Biological mechanism of ethylene action
Ethylene is a simple gaseous plant hormone that accelerates ripening by triggering coordinated biochemical and transcriptional changes. In climacteric fruits such as apples, bananas, and tomatoes, a self-amplifying burst of ethylene production accompanies a rise in respiration and activates genes responsible for cell wall breakdown, pigment synthesis, and volatile aroma formation. Research by James J. Giovannoni at Boyce Thompson Institute and Cornell University has characterized key ripening regulatory genes in tomato that respond to ethylene and control softening and color change. By contrast, non-climacteric fruits like strawberries, grapes, and citrus do not show this autocatalytic ethylene surge and generally do not accelerate ripening in response to external ethylene in the same way. The difference is not absolute; sensitivity and downstream pathways vary by species and cultivar, producing a spectrum of responses rather than a binary classification.

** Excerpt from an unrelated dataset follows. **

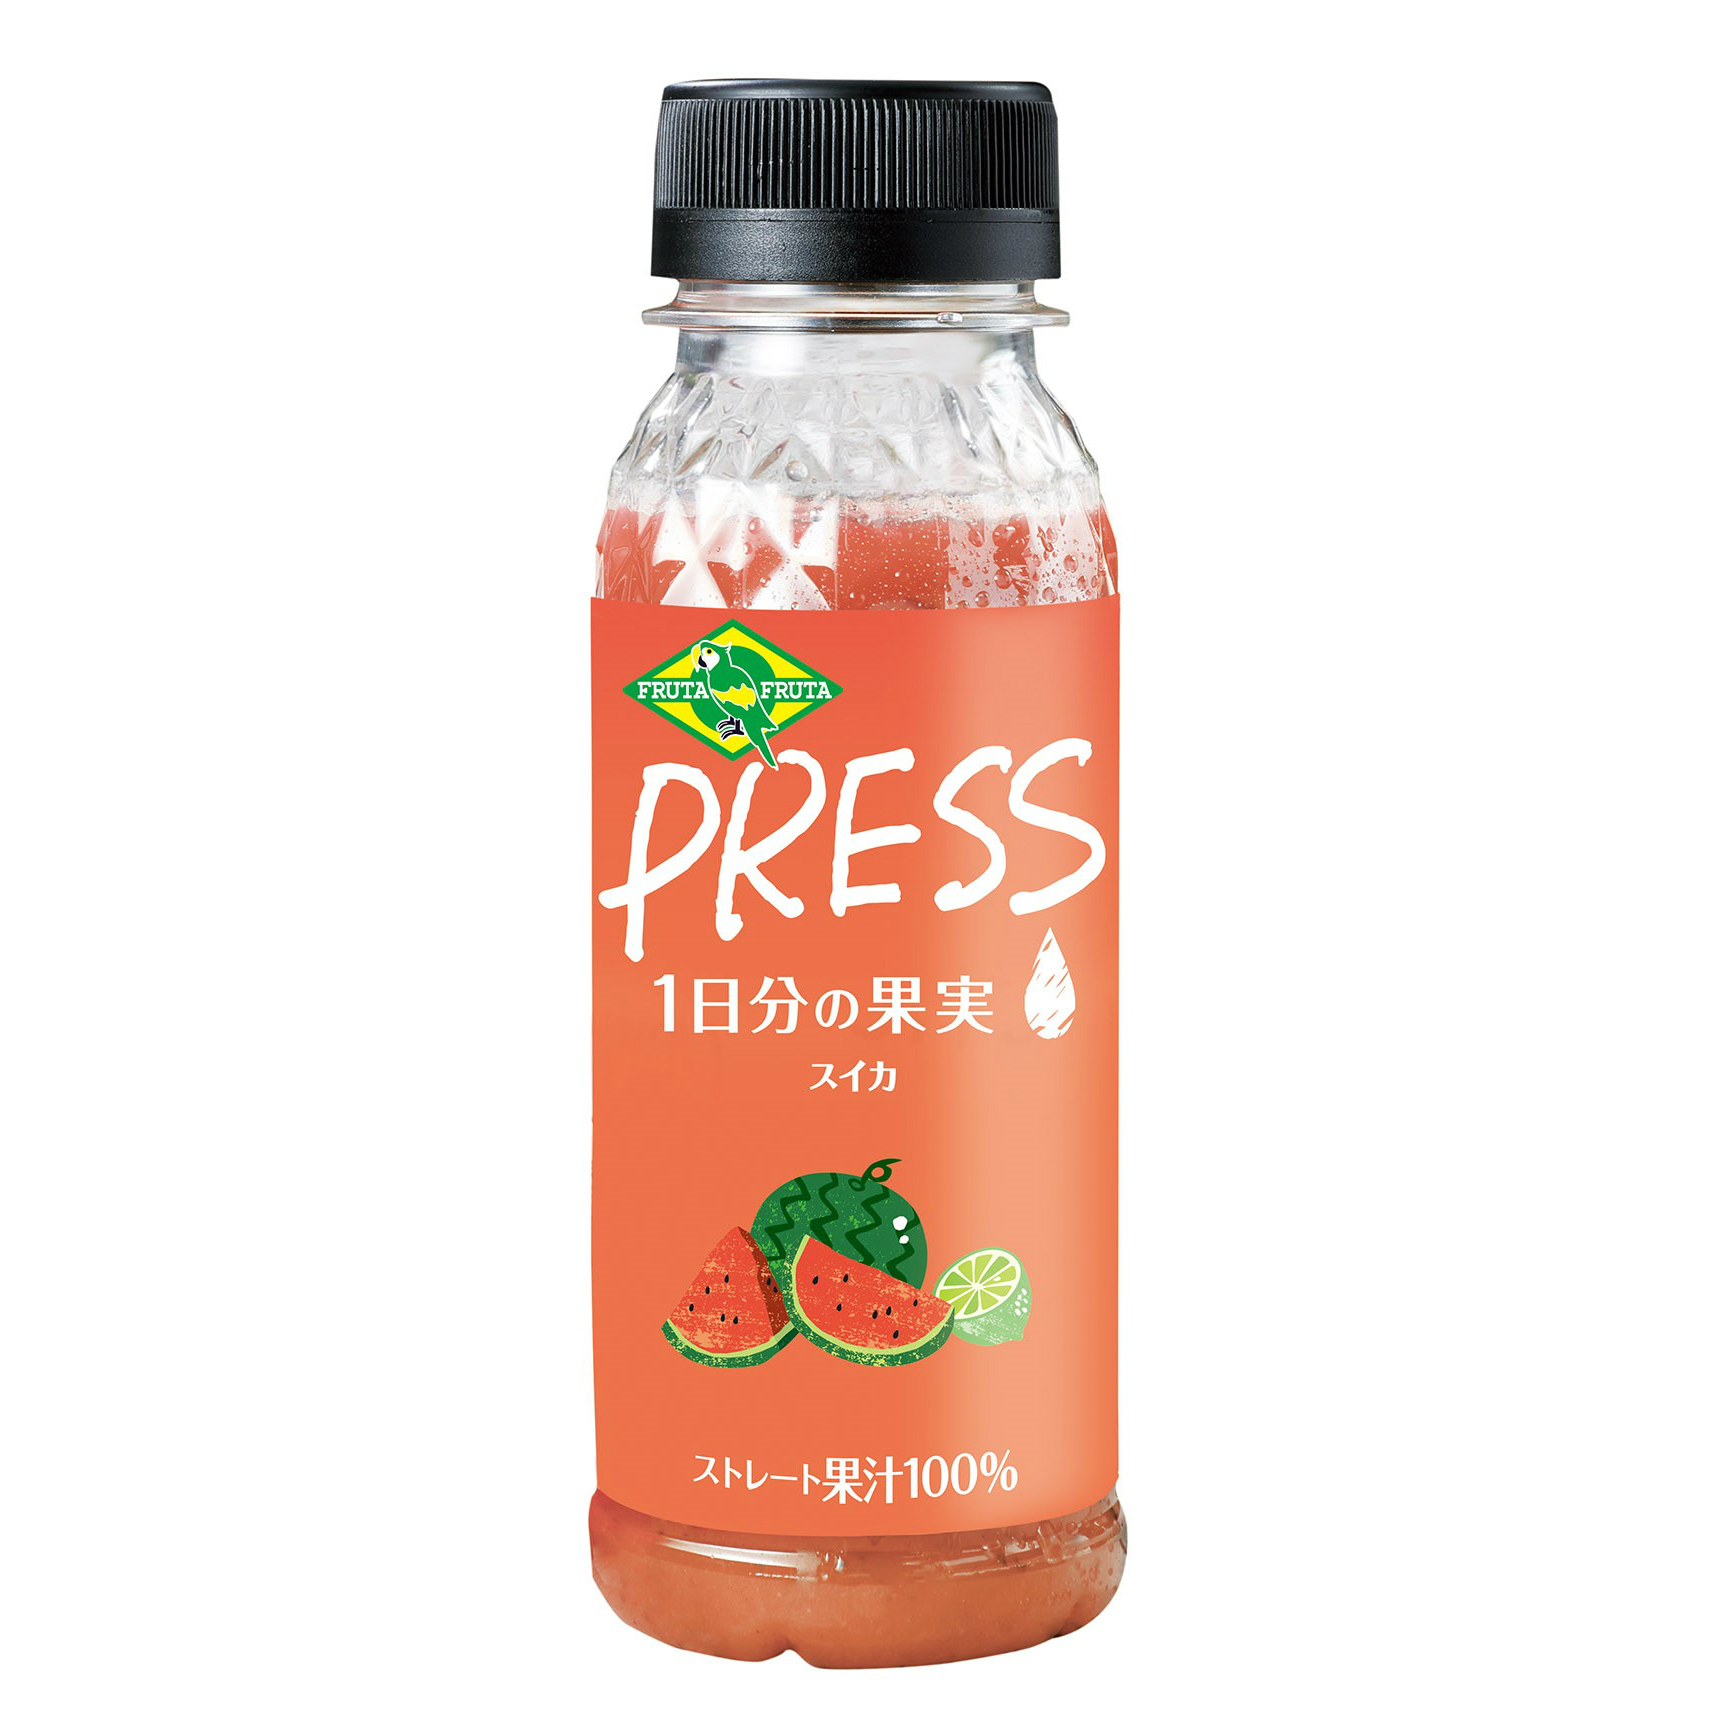 本日発売 スイカとライムの果汁100 コールドプレスジュース フルッタフルッタ公式ブログ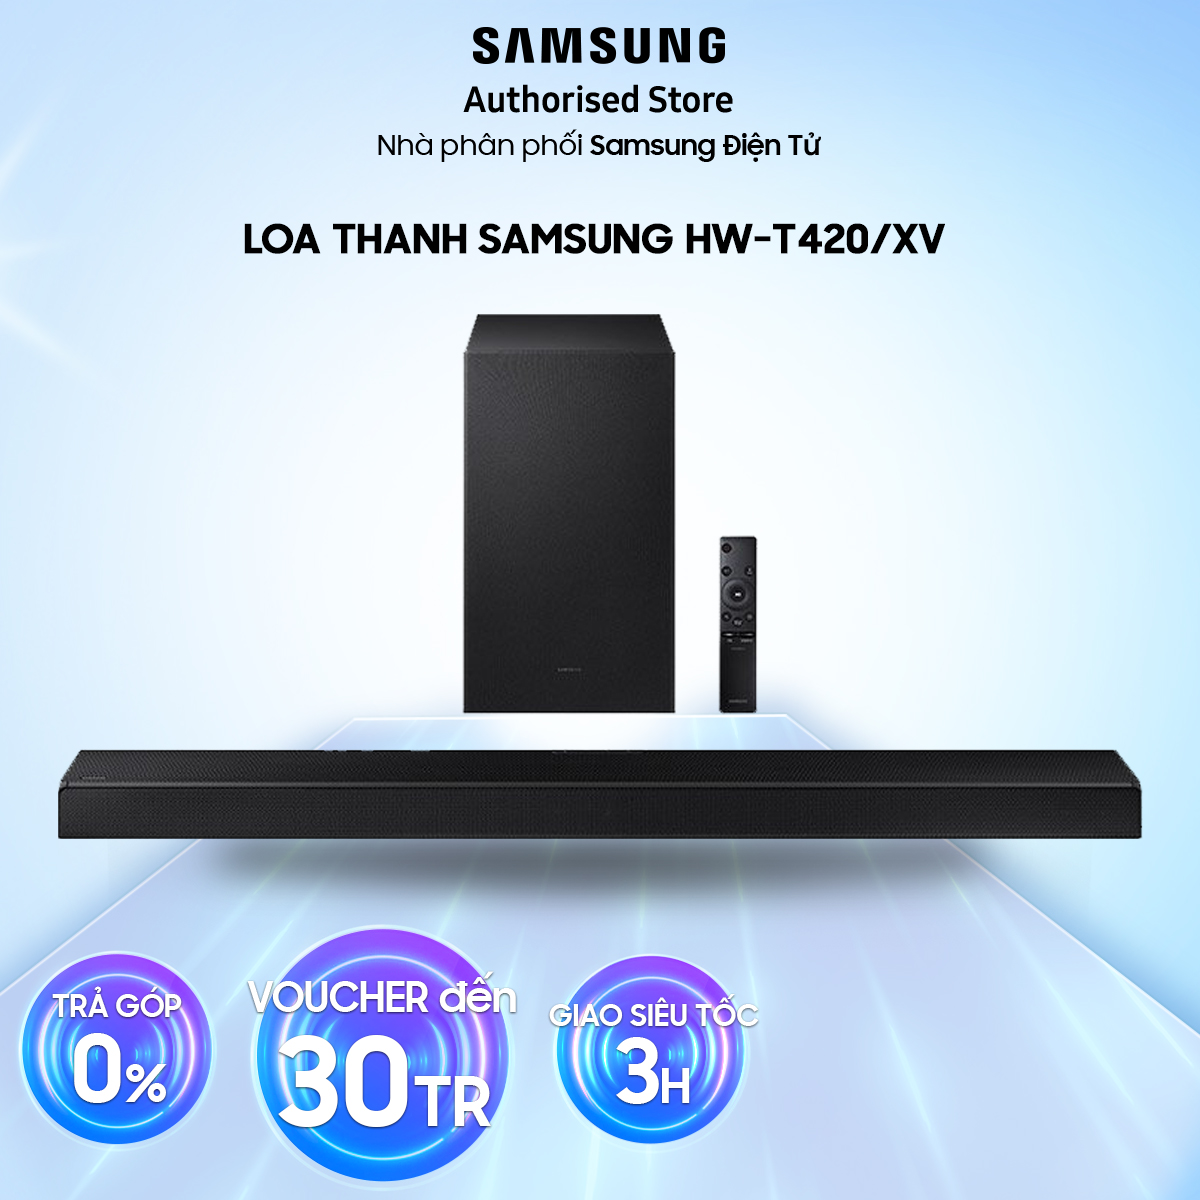 HW-T420 - Loa thanh soundbar Samsung 2.1ch 150W

Sources and triggering causes
Ethylene affecting fruit can be produced internally by the fruit itself or introduced externally from nearby ripening produce, combustion, or industrial processes. Postharvest guidelines and synthesis of empirical observations by A. A. Kader at University of California, Davis document practical pathways by which ambient ethylene alters storage outcomes and recommend segregation of ethylene-producing loads. External exposure can trigger premature ripening in sensitive climacteric crops, while in tolerant or non-climacteric types the physiological response is limited or primarily affects surface or stress-related processes.
Practical consequences and cultural nuances
The influence of ethylene on ripening speed has direct economic and cultural consequences. Controlled ethylene application is used commercially to synchronize ripening of bananas and tomatoes for market preferences, enabling predictable shelf readiness for consumers who favor fully ripe produce. Conversely, uncontrolled ethylene exposure in cold chains can cause uneven ripening, increased bruising, and elevated waste, impacting smallholder farmers and export supply chains in tropical regions where transport distances are long. Ethylene management tools such as ventilation, adsorption, and chemical inhibitors can extend marketability and reduce food loss. Environmental and territorial contexts shape both the risk and the mitigation options, so strategies that work for temperate packhouses may be impractical for farmers selling in local open-air markets.